Where this all stems from is the most basic flaw of human societies. We can only be rational about  the ways in which we get to our ends, we cannot be rational about the ends themselves. This is to say that the goals and the desired outcomes we want to see in society are inevitably and unavoidably political. How we choose what society wants, what society should do, who we should help, who gets to be part of our group, and what will be excluded from society is not a scientific question but rather a question of identity and self-interest. These questions are simply political with no possible answer satisfying everyone.
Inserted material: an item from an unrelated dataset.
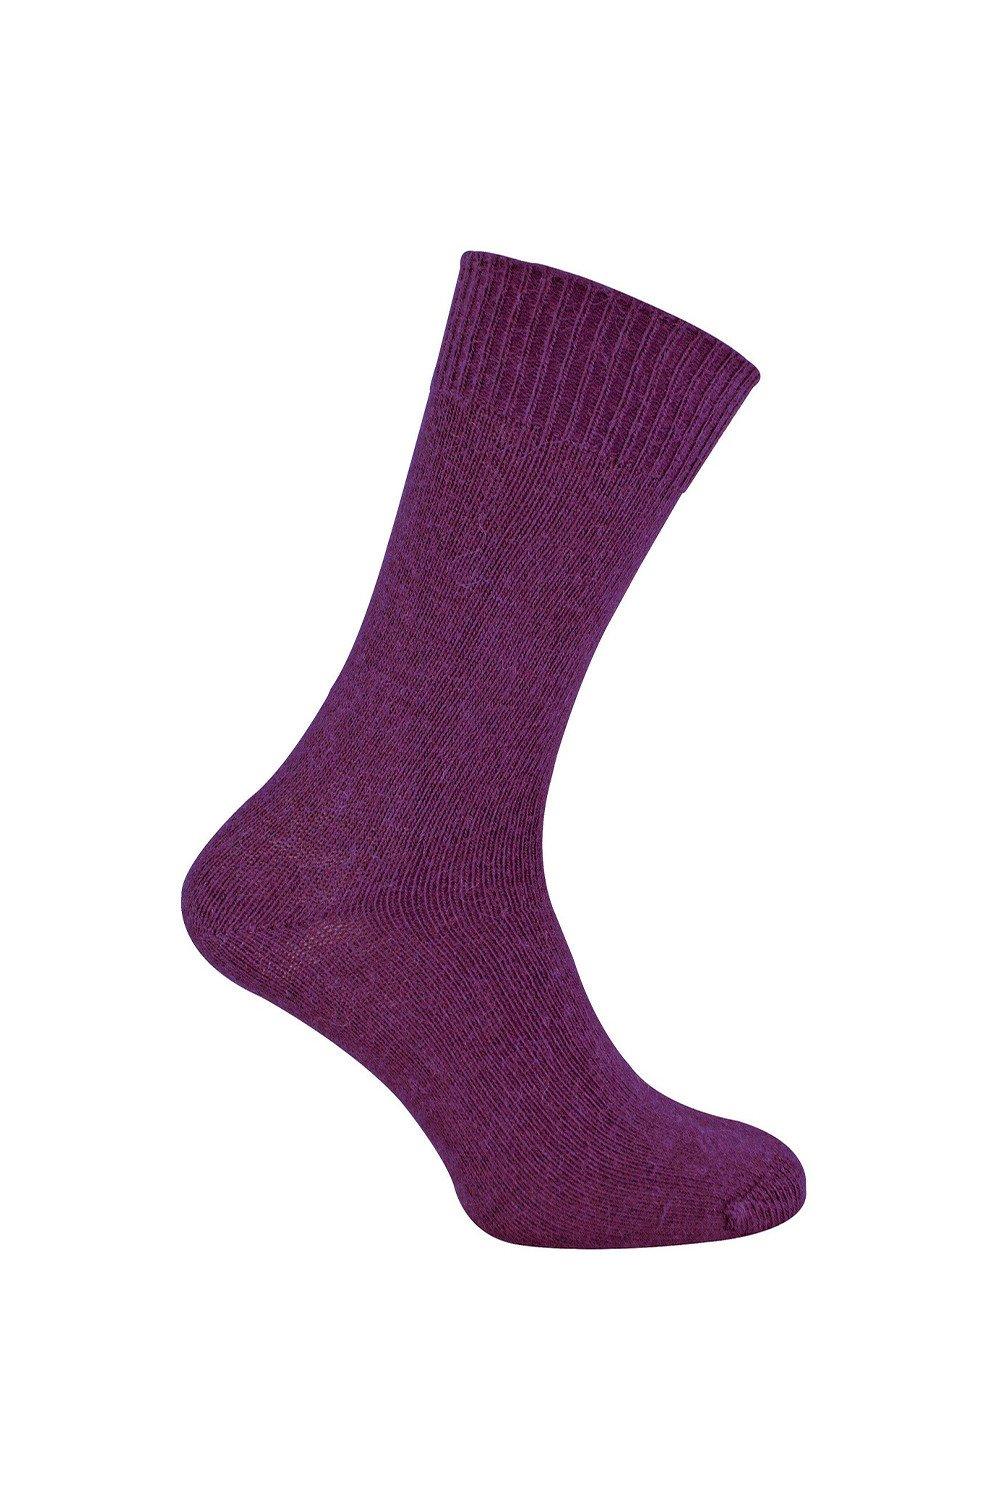 Thick Warm Lightweight Luxury Alpaca Wool Socks for Winter

Human rationality can only be applied once an end has been selected. Once we have agreed on an outcome, or once a majority voice has selected the desired end state, we can rationally work out the best way to get there. It is like a group of 10 couples who all must decide when and where they want to take a vacation as a big group. There is no perfect destination to satisfy everyone’s desires of seeing family, visiting big tourist items, and finding off the grid treasures. But once a decision has been made, the group can identify the most efficient route to take that maximizes the time spent viewing what most everyone wants. If the group primarily wants to spend time at a beach in southern Spain, then the most efficient travel option is a flight directly to Southern Spain, and the travel rout that flies into Bilbao in northern Spain then uses public transportation southward across the country is not considered. However, if visiting art museums and seeing a wide swath of Spanish culture is the main goal of the trip, flying to and staying in coastal southern towns is not a rational option to meet the goals, but flying into Bilbao and traveling across the country by bus is an ideal plan. The end goals must be selected before a rational decision can be made to meet that decision, but seeing art and culture is not inherently better than relaxing on a Mediterranean beach.

Government will always be hampered by this question, no matter how rational or how similar we become and no matter how good our artificial intelligence one day becomes. Government therefore, needs a way to move things forward that deescalates the tension of identity and self-interest. This is the argument that Rauch puts forward. He does not argue for the backrooms filled with cigar smoke and fat cats driving the show. After all, generations before did give us painfully slow desegregation and a political period rife with presidential assassinations and violent racial protests. What we can plausibly see however, is a system where discussions and deliberations can be secret, because what may be good for the nation could be toxic for an individual based on their constituency’s identity and self-interest.

What ultimately needs to be remembered is that government cannot rationally chose and advance a goal. Government can do its best to reach its desired end state, but selecting an end that hurts some and leaves representatives vulnerable creates a system where some members must oppose all action by that government as a signal to their compassion, concern, and identification with their constituents. A government with hidden deliberations and gear greasing allows for compromise and realistic legislation. Some discussions must be allowed to take place in ways that shield legislative members from direct criticism so that they cannot later be attacked and vilified for decisions that hurt some but move the majority in the right direction. Government needs a way to be a little bit wasteful and a way to put up with a little bit of abuse in order to move society forward. Constantly patrolling for abuse and waste is expensive and ultimately makes people less likely to take action and try to make things better.